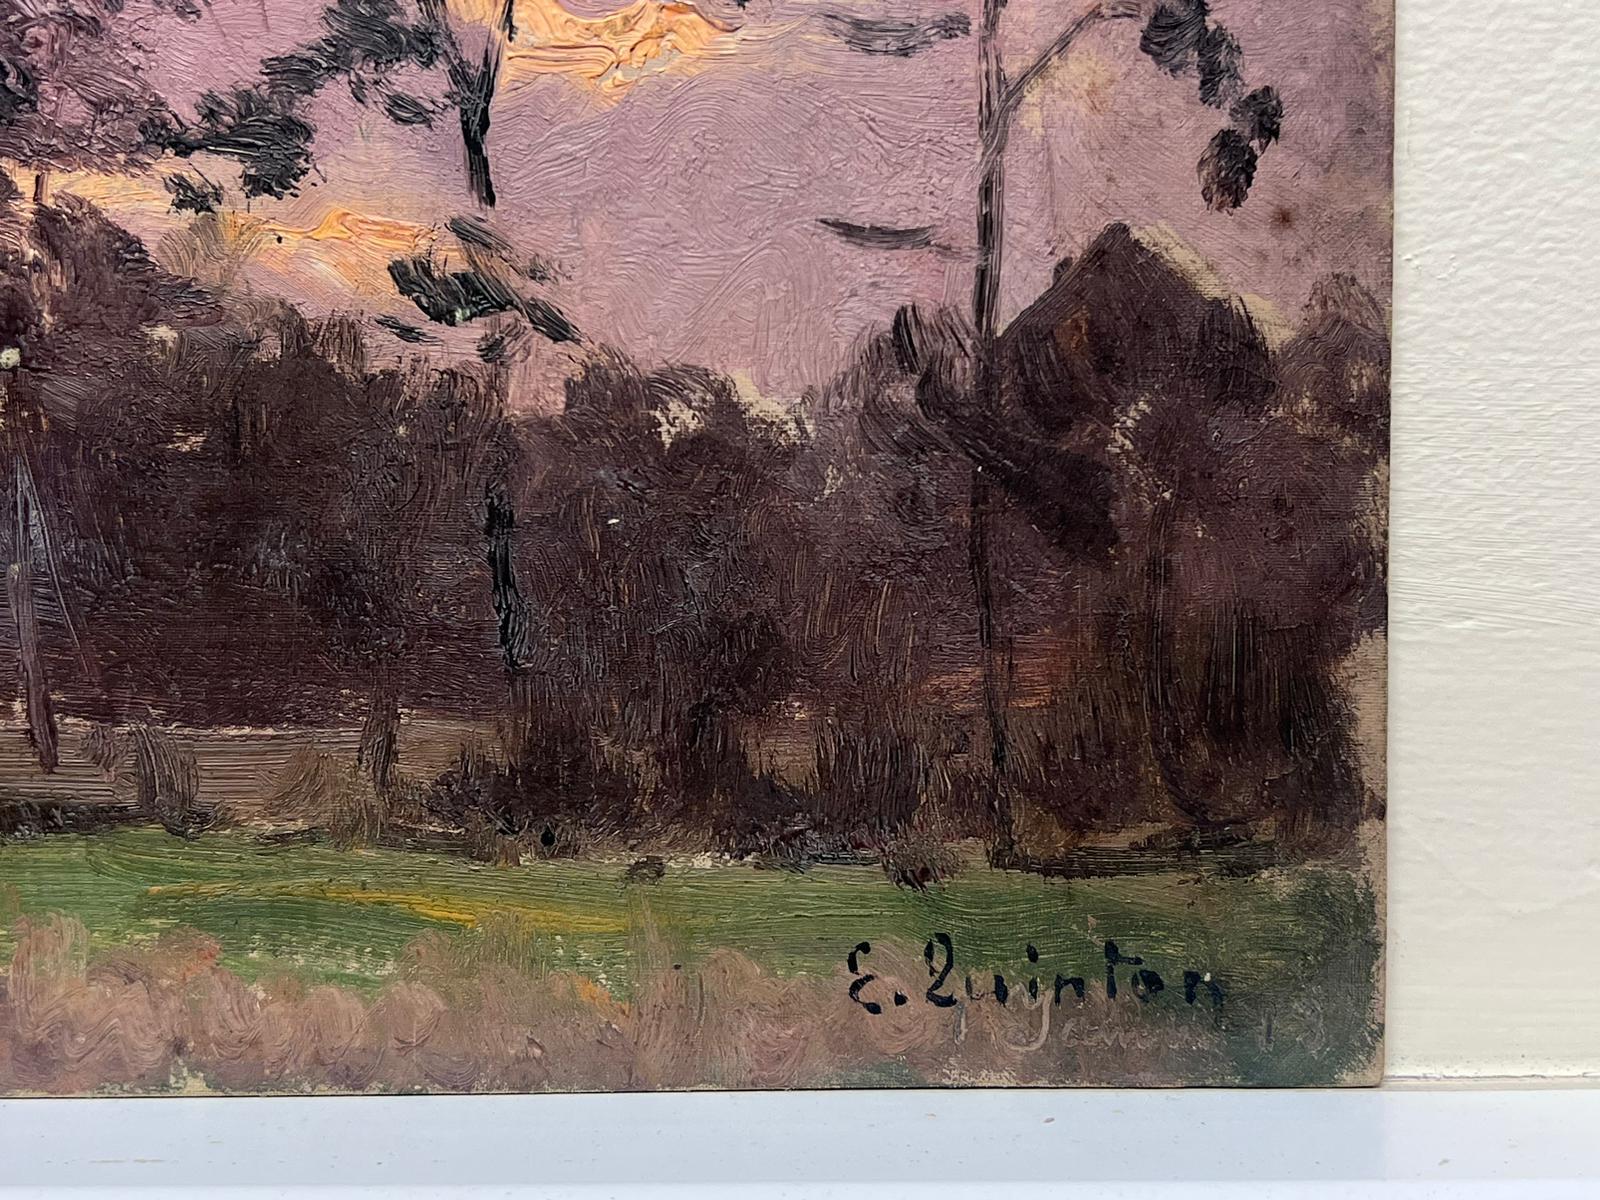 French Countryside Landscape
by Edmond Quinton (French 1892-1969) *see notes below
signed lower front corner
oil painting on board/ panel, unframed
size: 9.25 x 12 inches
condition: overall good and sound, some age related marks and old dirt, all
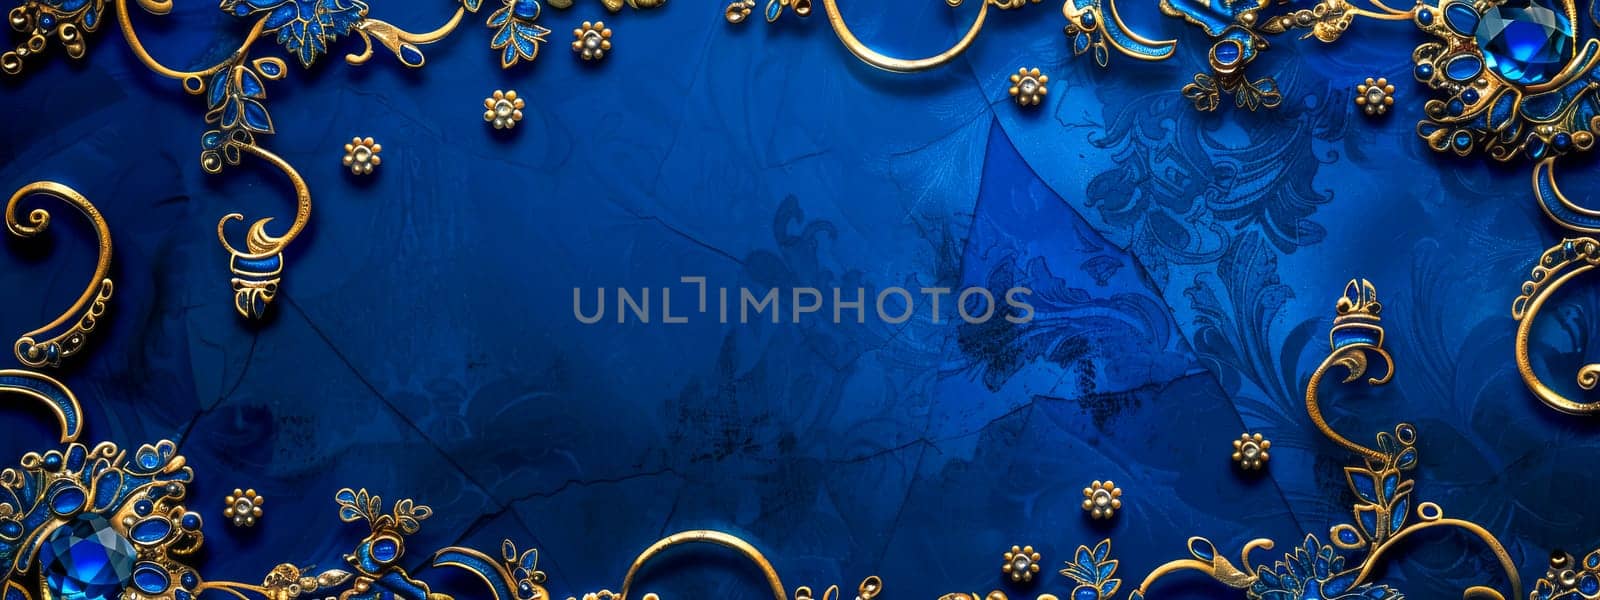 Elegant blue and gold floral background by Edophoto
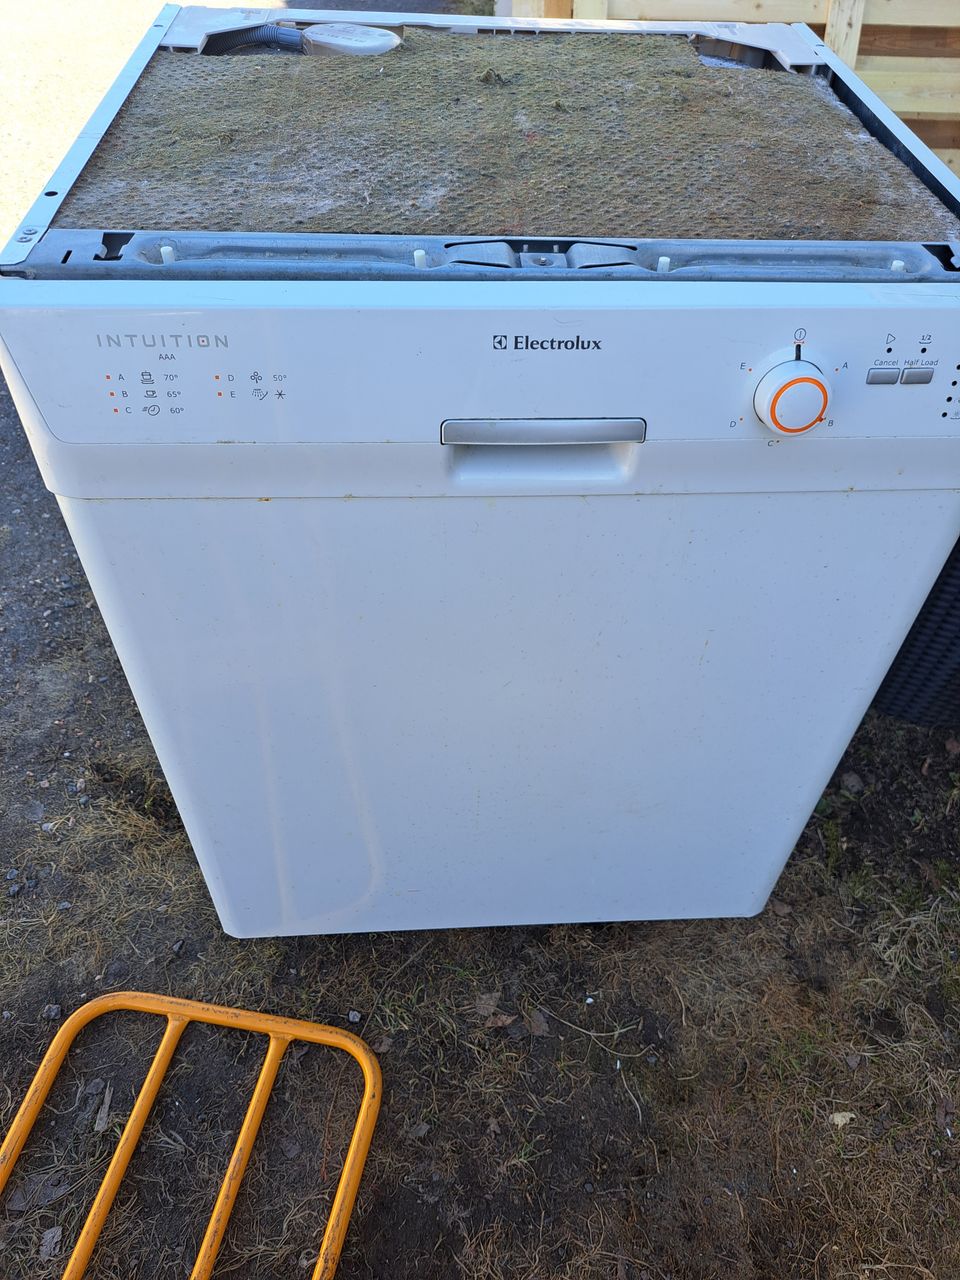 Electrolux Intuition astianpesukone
--
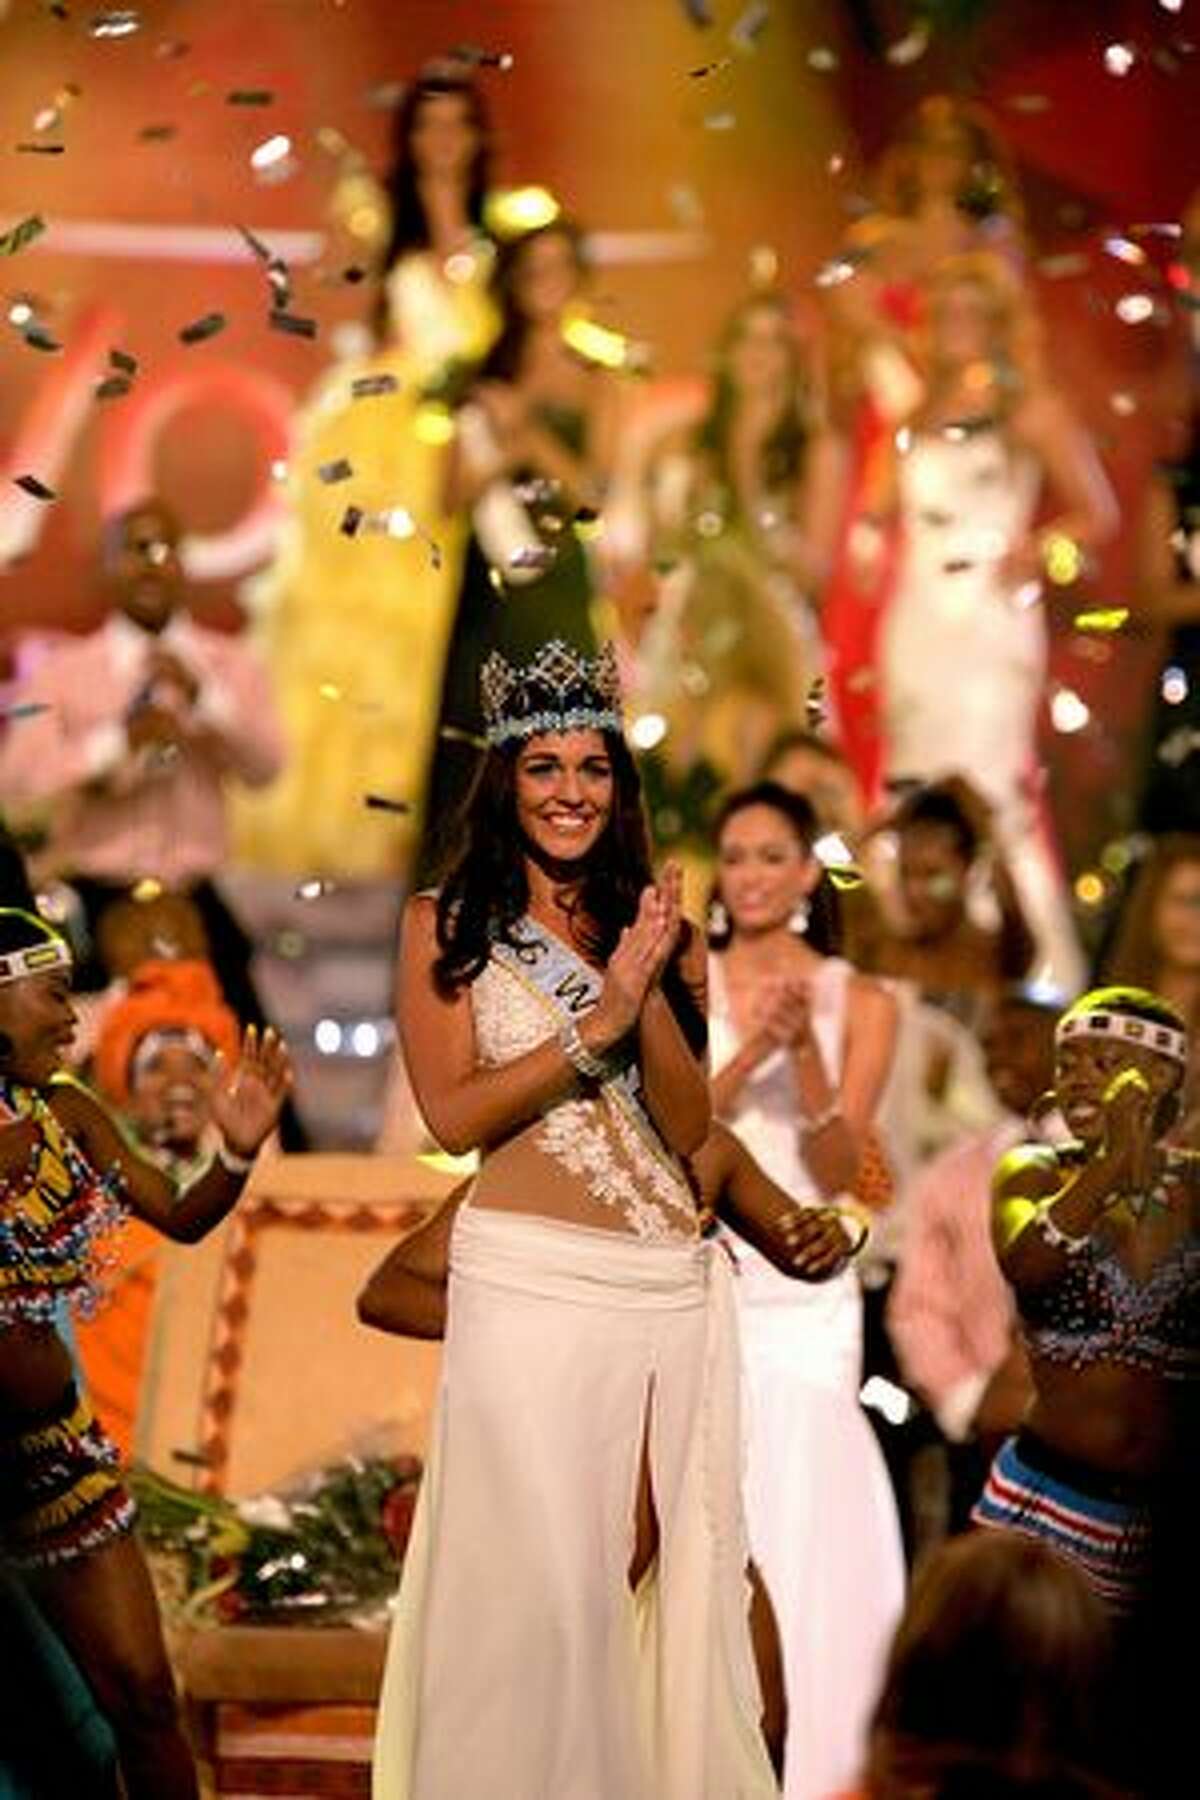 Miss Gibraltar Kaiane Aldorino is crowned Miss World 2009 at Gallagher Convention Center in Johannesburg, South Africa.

> _YOUR GOAL_:
In the data above, the stretch from the line with "oil painting on board/ panel, unframed" through the line with "Electrolux Intuition astianpesukone" is to be returned exactly, minus any pictures.

> _RESULT OF THE EXERCISE_:
oil painting on board/ panel, unframed
size: 9.25 x 12 inches
condition: overall good and sound, some age related marks and old dirt, all
 Elegant blue and gold floral background by Edophoto
 Electrolux Intuition astianpesukone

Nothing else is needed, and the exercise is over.